As a result, EBITDA reached
€79.0 million in 2019, a significant +€30.8m improvement compared
to 201812. EBITDA benefited from the strong marketplace growth and
a solid expansion of monetization revenues, along with continued
improvements of the core business profitability.
Operating EBIT increased by
€17.2m compared to 2018 and turned positive, to €11.3m.
Net financial
expense, mainly related to installment payment
solutions offered to customers, amounted to €(56.6) million13,
increasing by less than 5%, mostly driven by business growth. As
percentage of GMV, those expenses decreased from 1.4% to 1.3% in
2019.
Underlying net loss from continuing
operations improved by +€10.7m. The reported variation of
€(27.3)m to finish at €(65.4) million (with an adjusted EPS of
€(0.11)) was impacted by a positive 2018 one-off tax effect of €38m
related to the spinoff of Cdiscount’s logistics activities into a
separate subsidiary.
Free cash flow from continuing operating
activities14 amounted to +€109 million in the last twelve
months, relying on strong fundamentals:
- Operating profitability increased at a fast pace with a
doubling EBITDA at €79m (+€31m) ;
- Limited other cash operating expenses & taxes of €(13)m
;
- Positive change in working capital of +€71m, notably driven by
inventory optimization and more efficient cash management on
receivables.
Capital expenditures amounted to €(74)m and
remained stable compared to 2018, slightly decreasing as a
percentage of GMV to 1.9% in 2019. It supported the implementation
of the strategic shift towards the platform model and monetization
initiatives.
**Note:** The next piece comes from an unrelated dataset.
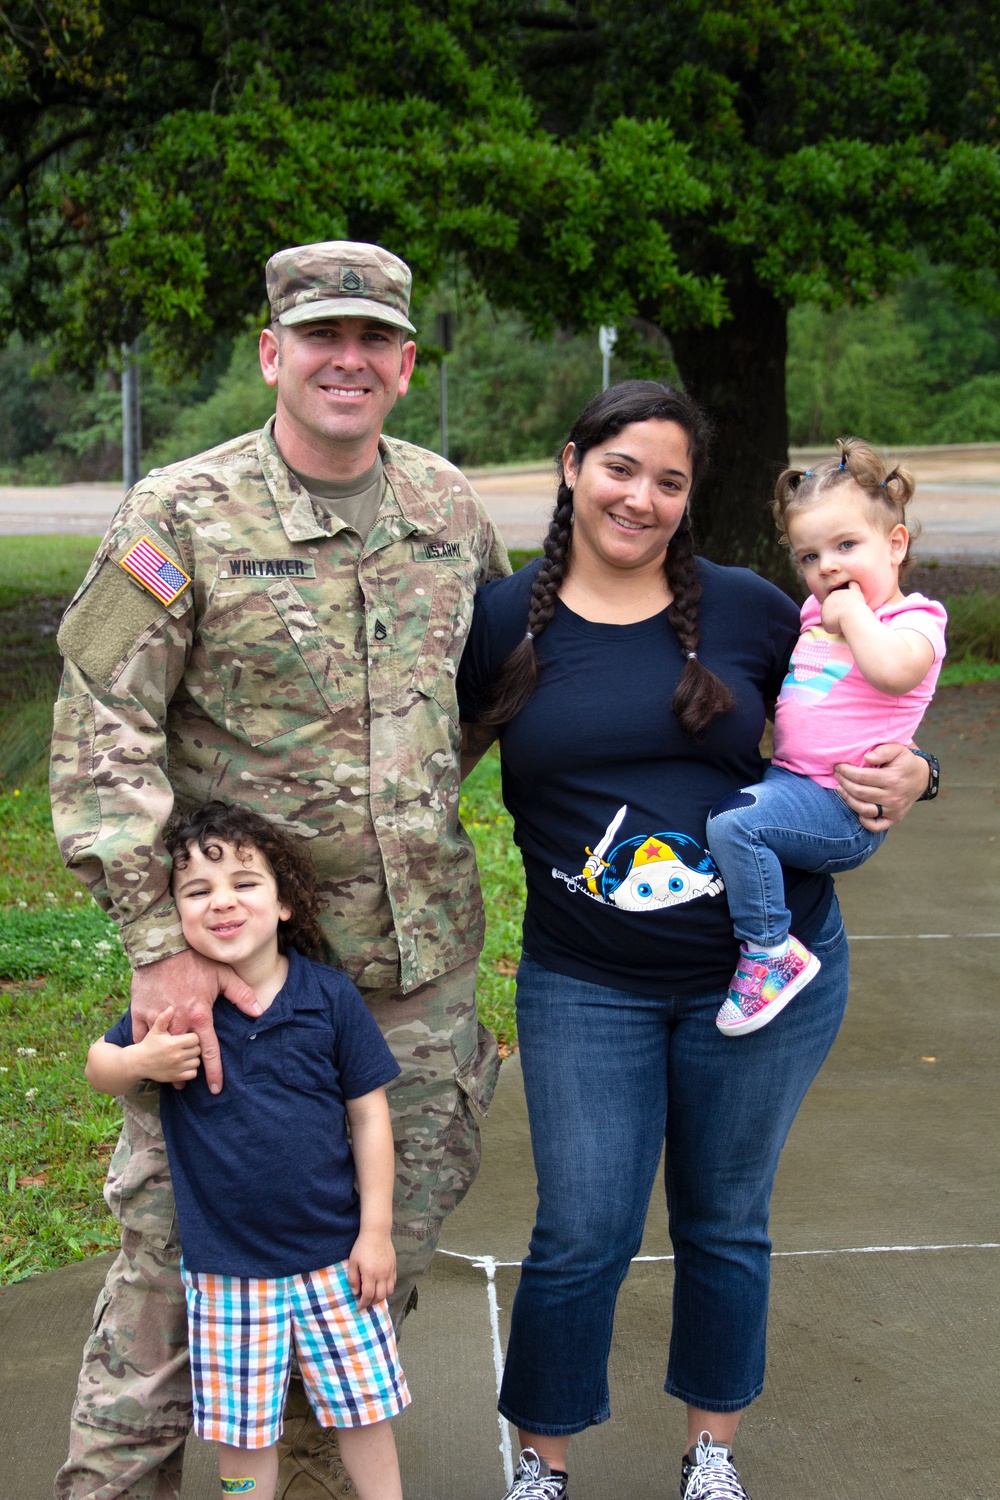 Dual military family finds relief through Army services

As a result, free cash flow before interest expenses
reached a positive +€35 million during the same period.
Taking into consideration net financial expenses
and discontinued operations, change in net financial debt15
amounted to €(23)m during the same period.
2nd half 2019 operational and financial
performance
GMV had an organic growth of
+7.6% versus 2018 2nd semester, to total of €2.1 billion.
Traffic was again marked by the
acceleration of mobile, which reached 73% of
traffic share (+6.4 points) and 51% of GMV share (+5.8 points).
Net sales amounted to €1.2
billion in the 2nd semester, a +1.9% organic growth.
Gross profit was €215 million
in 2H19 with a gross margin of 18.0%, an increase of +1.9
points.
SG&A costs amounted to €190
million in 2H19, i.e. 15.9% of net sales (+0.9 point)
EBITDA totaled €61 million in
2H19, showing significant a improvement compared to both 2H18 and
1H19, reflecting the benefits of the strategic focus on profitable
growth through the increase in marketplace share and monetization
revenues.
Operating EBIT was €25.2
million in 2H19, almost doubling compared to the year before.
Key business achievements
Acceleration in the marketplace of
products
- The marketplace gained +3.7 points in total GMV
share to reach 38.1% in 2019.
- The number of available SKUs increased by +34% to reach 64
million at the end of the year.
- Expansion of express delivery eligible marketplace
SKUs was a key driver of growth, customer satisfaction and
CDAV development, making it a priority throughout 2019.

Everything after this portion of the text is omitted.